02:12 The for loop iterates over the ZipInfo objects from .infolist(), retrieving the filename, the last modification date, the normal size, and the compressed size of each member file. In this example, you use datetime to format the date in a human-readable way.

02:42 If you just need to perform a quick check on a ZIP file and list the names of its member files, then you can use .namelist().

03:01 Because the filenames in this output are valid arguments to .getinfo(), you can combine these two methods to retrieve information about selected member files only.

03:13 Sometimes you have a ZIP file and need to read the content of a given member file without extracting it. To do that, you can use .read(). This method takes a member file’s name and returns that file’s content as bites.

03:33 To use .read(), you need to open the ZIP file for reading or appending. Note that .read() returns the content of the target file as a stream of bytes. In this example, you use .split() to split the stream into lines using the line feed character "\n" as a separator.

03:50 Because .split() is operating on a byte object, you need to add a leading b to the string used as an argument. ZipFile’s .read() method also accepts a second positional argument called pwd.

04:07 This argument allows you to provide a password for reading encrypted files. To try this feature, you can rely on the file that you downloaded with the materials for this course.

04:31 First, you provide the password secret to read the encrypted file. The pwd argument accepts values of the bytes type. As you can see here, if you use read on an encrypted file without providing the required password, then you get a RuntimeError.

04:59 Note that Python’s zipfile supports decryption. However, it doesn’t support the creation of encrypted ZIP files. That’s why you’d need to use an external file archiver to encrypt your files.
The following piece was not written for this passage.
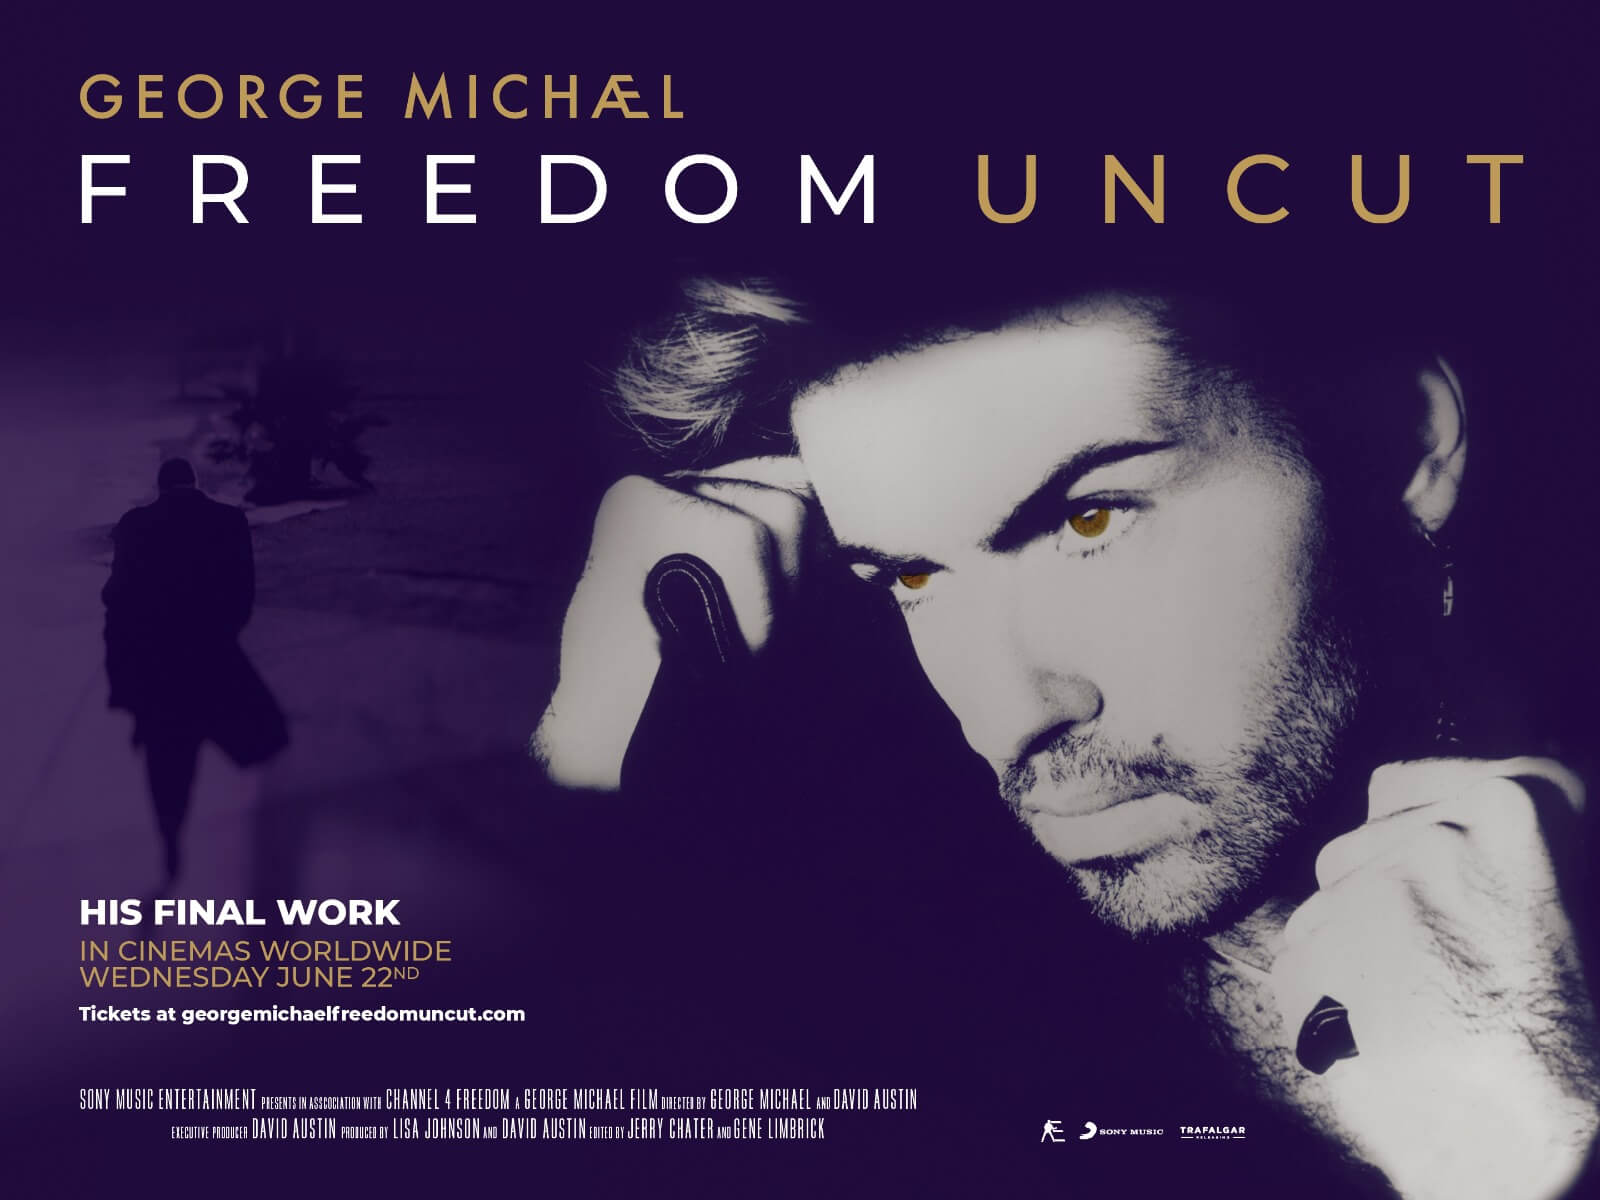 George Michael Freedom Uncut Exclusively at Golden Village

05:11 Some popular file archivers include 7z and WinRAR for Windows, Ark and GNOME Archive Manager for Linux, and Archiver and Keka for macOS. For large encrypted ZIP files, keep in mind that the decryption operation can be extremely slow because it’s implemented in pure Python. In such cases, consider using a specialized program to handle your archives instead of using zipfile. If you regularly work with encrypted files, then you may want to avoid providing the decryption password every time you call .read() or another method that accepts a pwd argument.

05:51 If that’s the case, you can use ZipFile.setpassword() to set a global password. With .setpassword(), you just need to provide the password once. ZipFile uses that unique password for decrypting all of the member files.

06:25 In contrast, if you have ZIP files with different passwords for individual member files, then you need to provide the specific password for each file using the pwd argument of .read().

06:47 Here, you use secret1 as a password to read hello.txt

07:01 and secret2 to read

07:14 A final detail to consider is that when you use the pwd argument, you’re overriding whatever archive-level password you may have set with .setpassword().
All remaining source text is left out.